Randall King (left) and colleagues have found a new type of inhibitor for the ubiquitin-proteasome pathway. Ubistatins, characterized by Greg Tochtrop, prevent ubiquitinated proteins from accessing the proteasome. Similar molecules could prevent cancer by interrupting mitosis. (Photo by Leah Gourley)
So far, the approach has paled in the shadow of true genetics, but reporting in the Oct. 1 Science, researchers led by HMS assistant professor of cell biology Randall King help bring it into the spotlight by revealing a new class of chemical "mutagen," one that inhibits the ubiquitin-proteasome system. Acting in a completely unexpected fashion, these inhibitors highlight a critical protein-protein interaction and may point to a new form of cancer drug.

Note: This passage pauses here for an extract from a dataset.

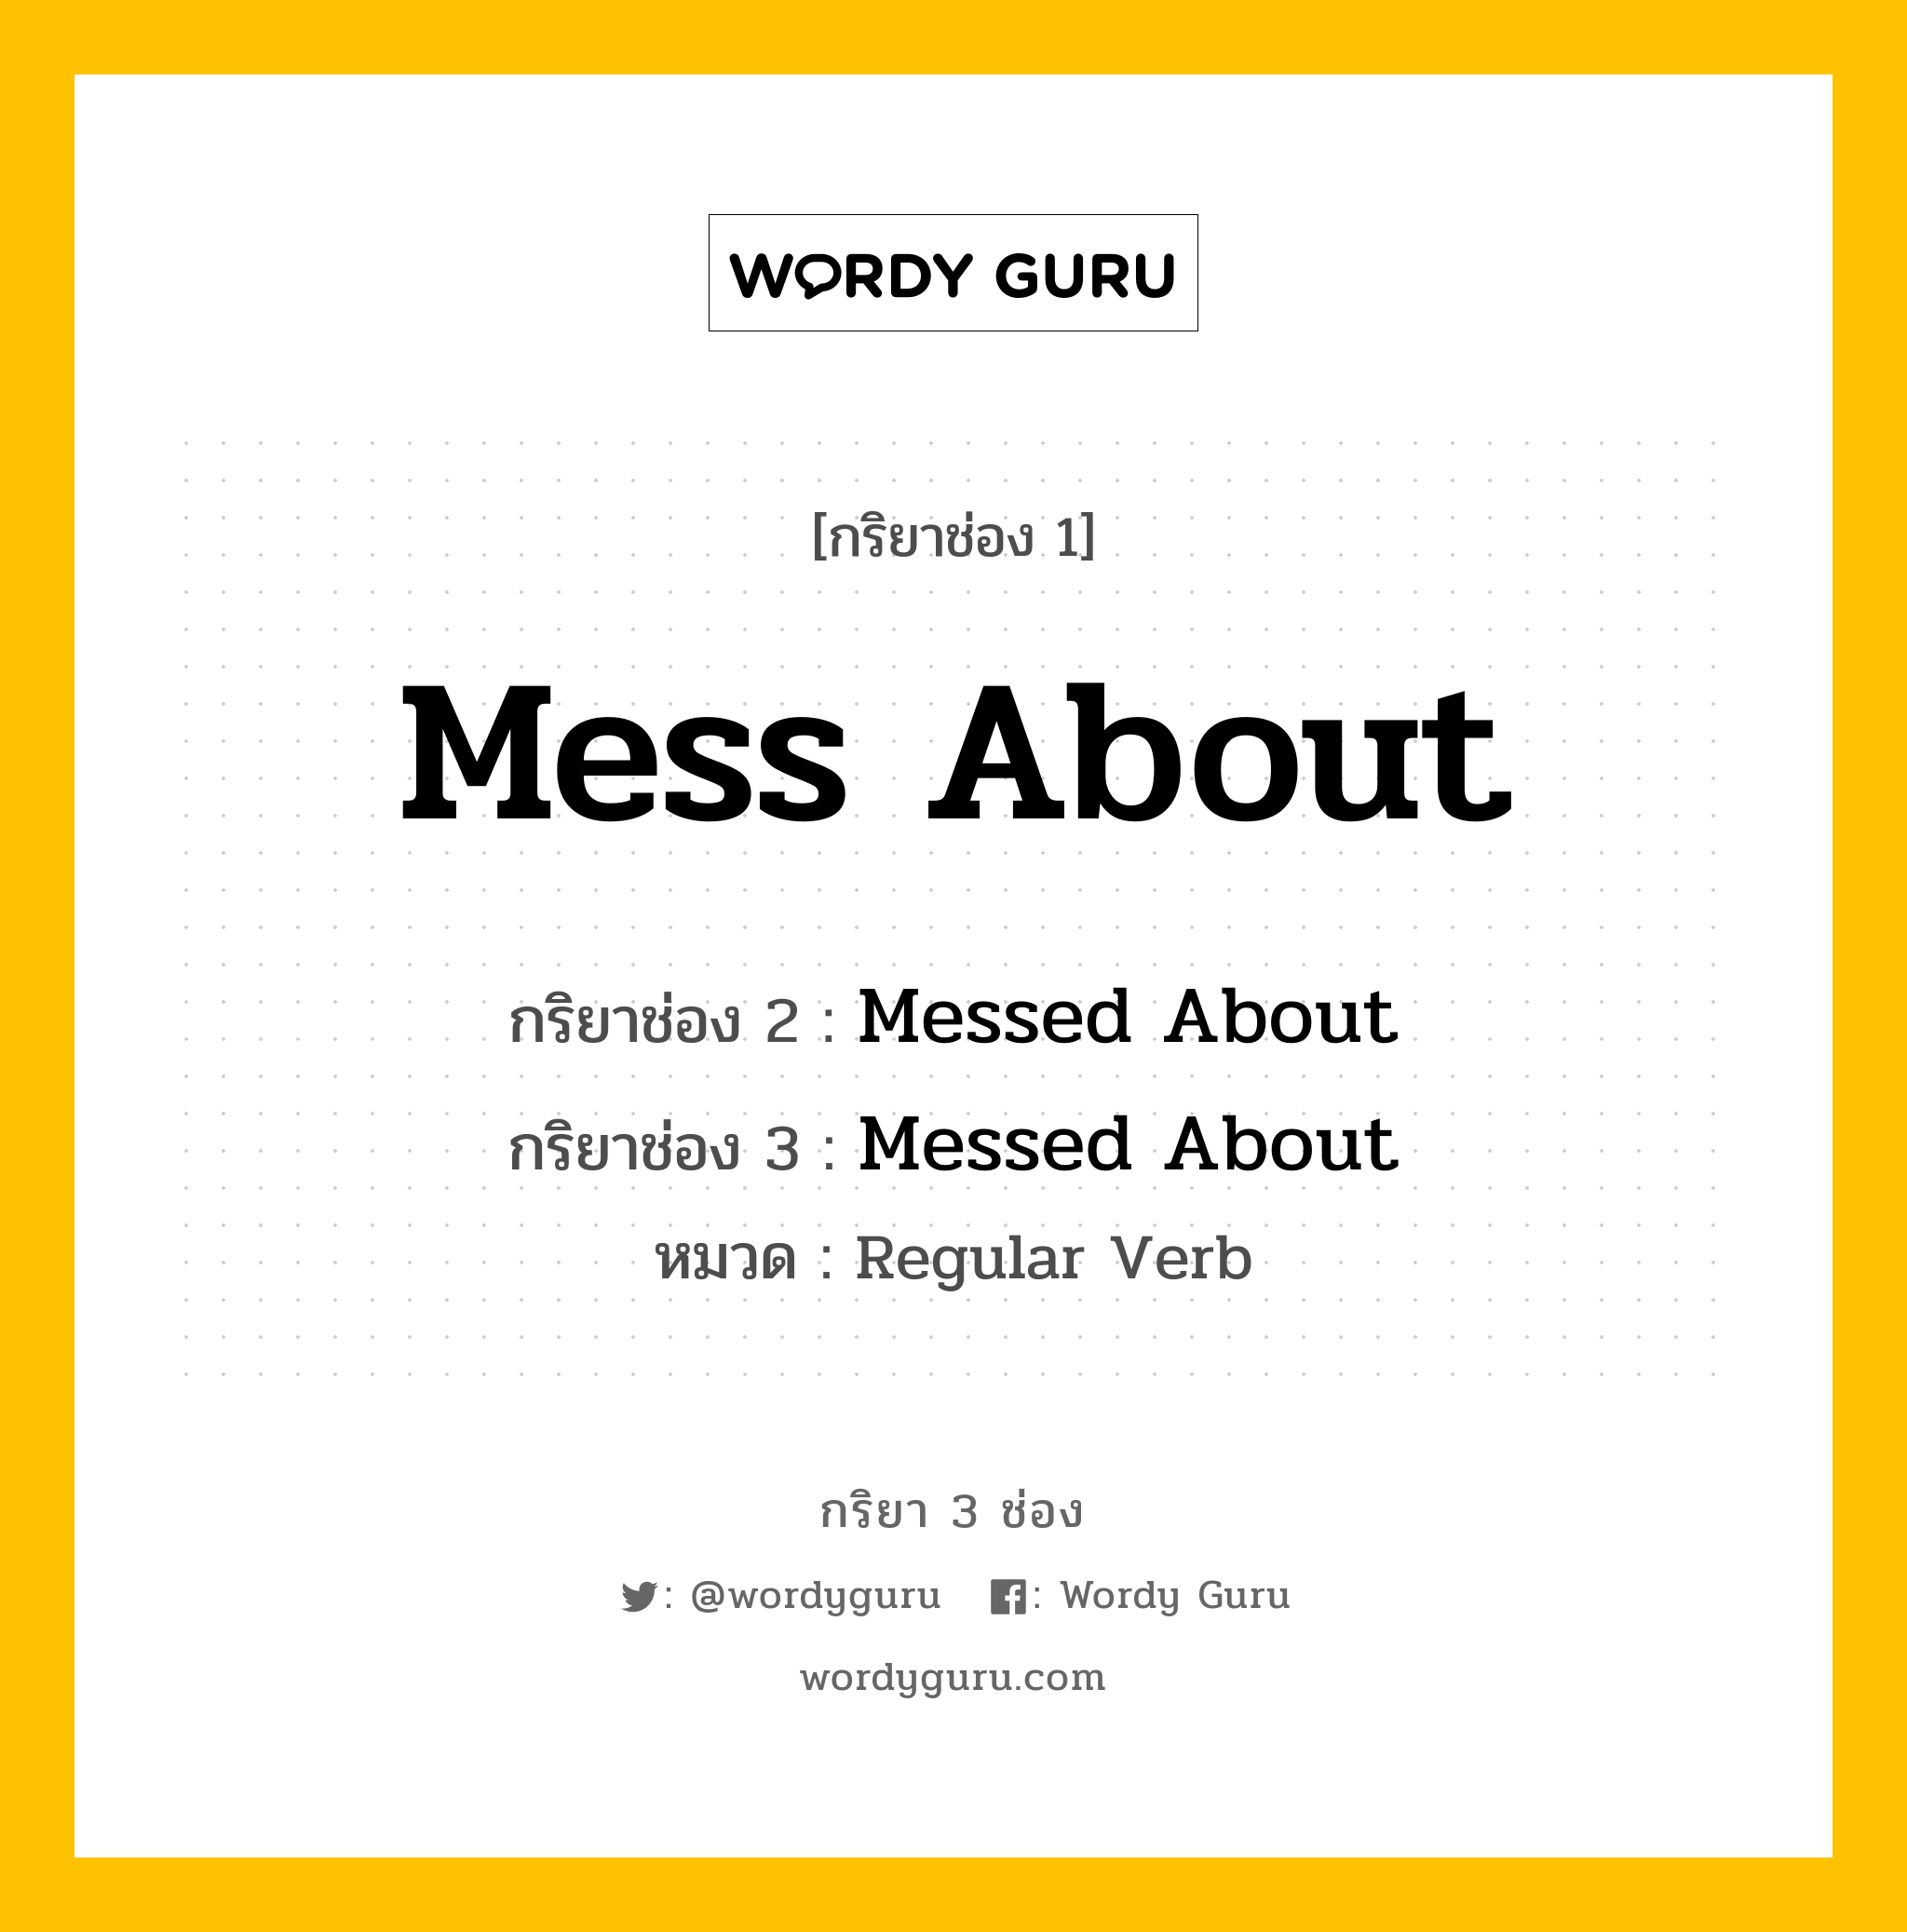 กริยา 3 ช่อง: Mess About ช่อง 2 Mess About ช่อง 3 คืออะไร, กริยาช่อง 1 Mess About กริยาช่อง 2 Messed About กริยาช่อง 3 Messed About หมวด Regular Verb หมวด Regular Verb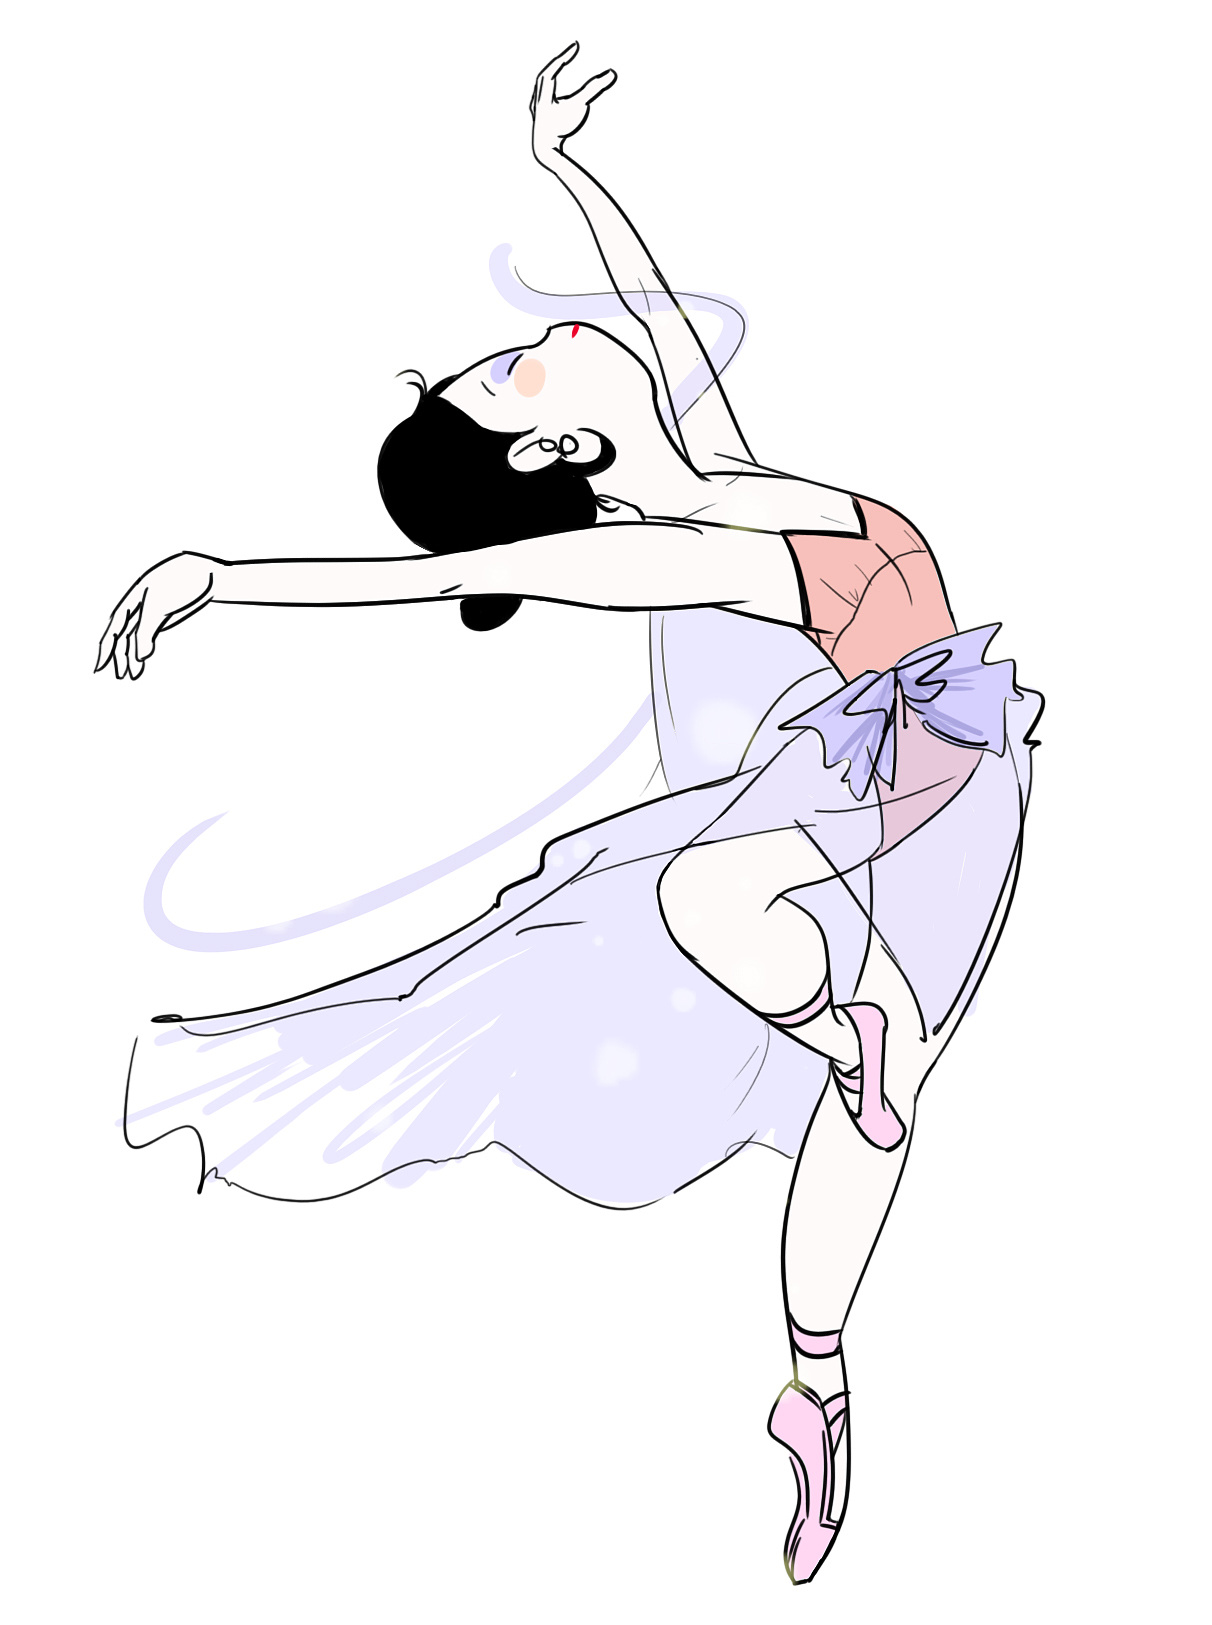 芭蕾舞者怎么画,最漂亮芭蕾舞者简笔画 - 伤感说说吧

The proteasome is a hollow, multiprotein complex that is lined with proteolytic enzymes called core proteases. The complete unit acts like a microscopic garbage disposal--sucking ubiquitinated proteins in one end, digesting them, and spitting small peptides and amino acids out the other. But it is much more than a recycling plant for unwanted protein. The proteasome is thought to be a major factor in neurodegenerative diseases, such as Huntington's, in which undegraded proteins accumulate and eventually poison neurons. And its action is necessary for key regulatory processes such as the chopping up of foreign antigens that is essential for keeping the immune system primed. The ubiquitin-proteasome pathway is also crucial for cell division because it removes proteins that put the brakes on mitosis. It is for this reason that proteasome inhibitors have recently been approved for the treatment of multiple myeloma.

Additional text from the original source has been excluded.